The colon bacteria were added to test tubes containing HMO and two prebiotics commonly used in infant formulas. These mixtures were allowed to ferment and then sampled to see how the bacterial population was changing over time and what products were being produced by the bacteria.

"When the HMOs were introduced, the bacteria produced short-chain fatty acids, at some cases at higher levels than other prebiotics now used in infant formula. The short-chain fatty acids can be used as a fuel source for beneficial bacteria and also affect gastrointestinal development and pH in the gut, which reduces the number of disease-causing pathogens," she said.
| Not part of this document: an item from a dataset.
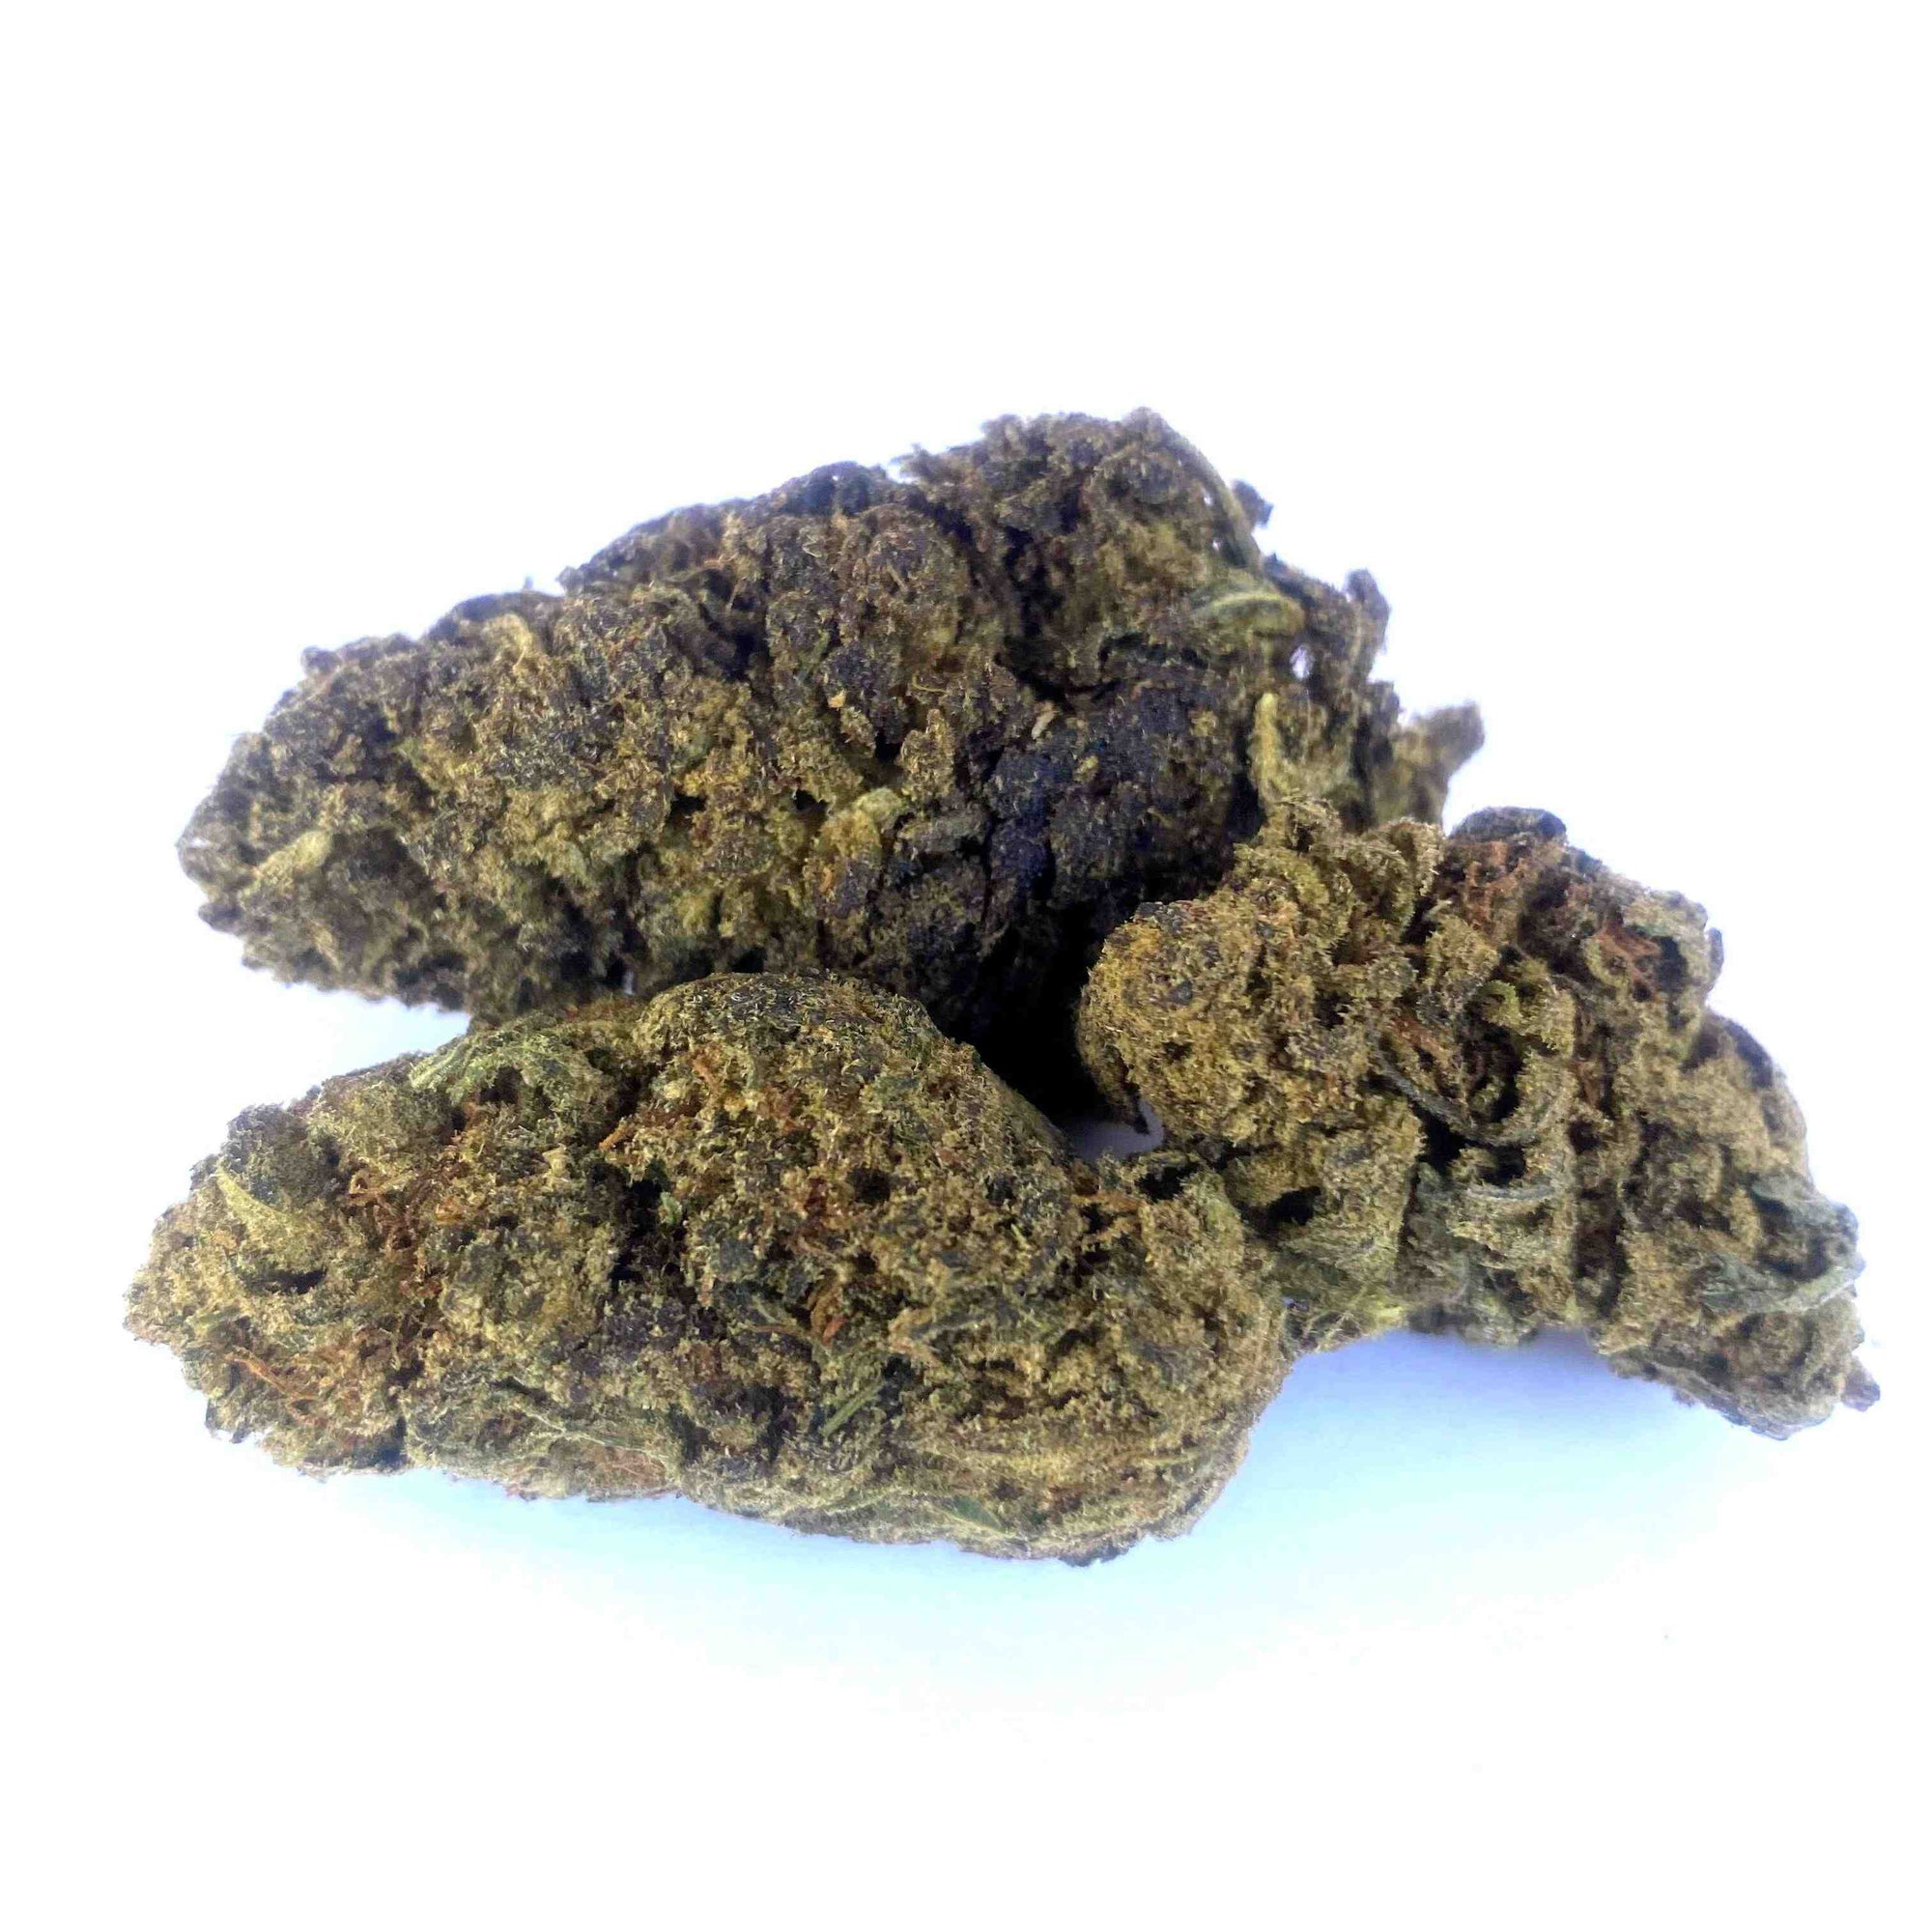 Blue Dream D8 Hemp flower Joint - BackWoodz Cartel Cannabis
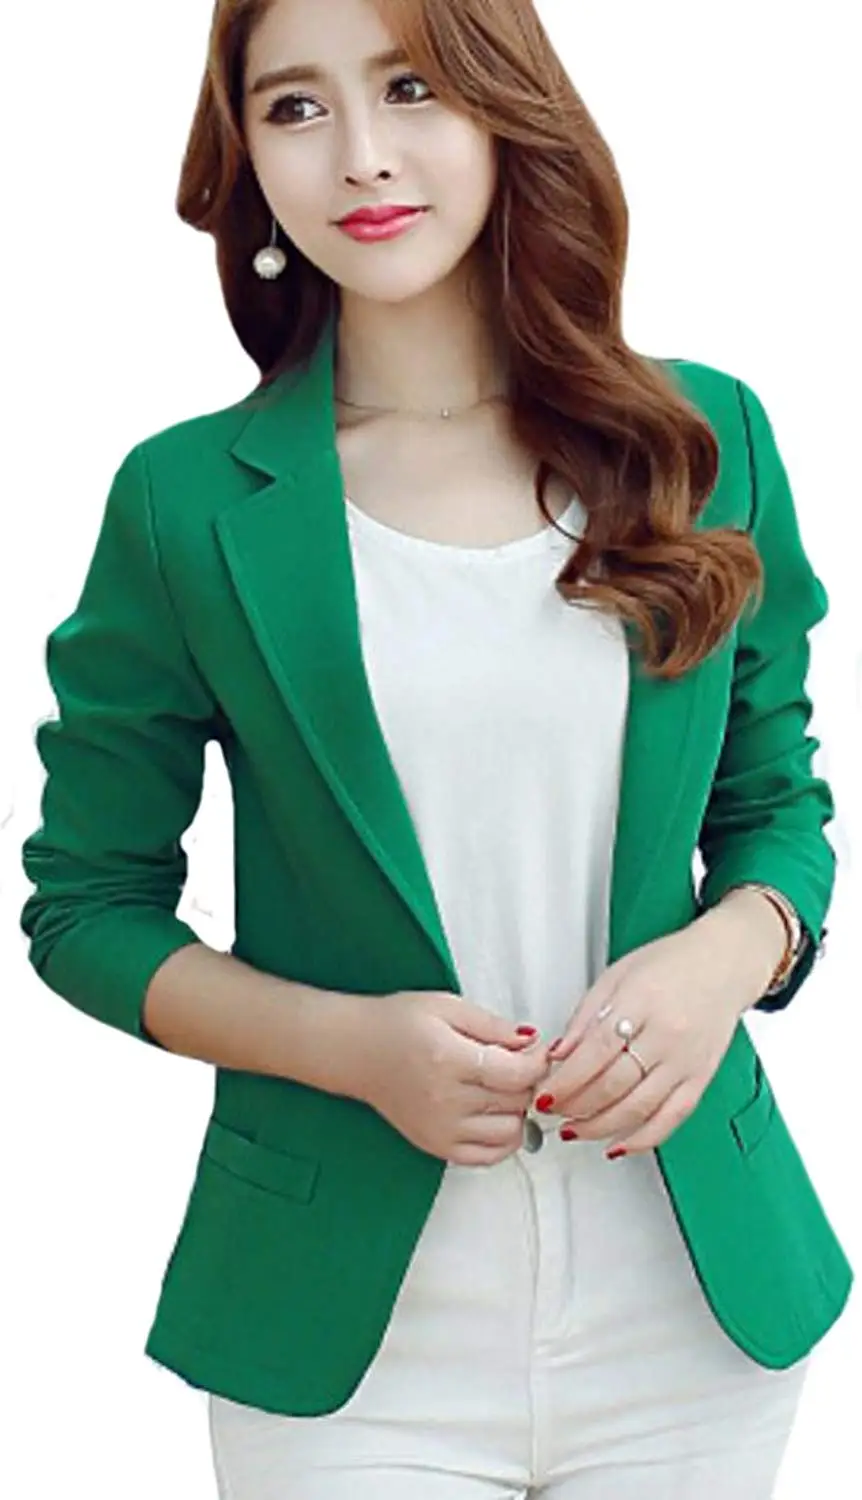 Пиджак под зеленое платье

Further, different HMOs produced different patterns of short-chain fatty acids, and the composition of bacteria in the gut changed over time. "It was distinctly different at 9 vs. 17 days, making it likely that the functions of HMO change as the human infant gets older," she said.

According to Donovan, HMO are critically important in understanding how breastfeeding protects babies.

"Several companies are now able to synthesize HMO, and in the future, we may be able to use them to improve infant formula. There's evidence that these compounds can bind to receptors on immune cells and, to our knowledge, no current prebiotic ingredient can do that," she said.

The study was published in the April issue of the Journal of Nutrition.

Co-authors are Min Li, Laura L. Bauer, Xin Chen, Mei Wang, Theresa B. Kuhlenschmidt, and George C. Fahey Jr., all of the U of I. Funding was provided by a grant from the National Institutes of Health.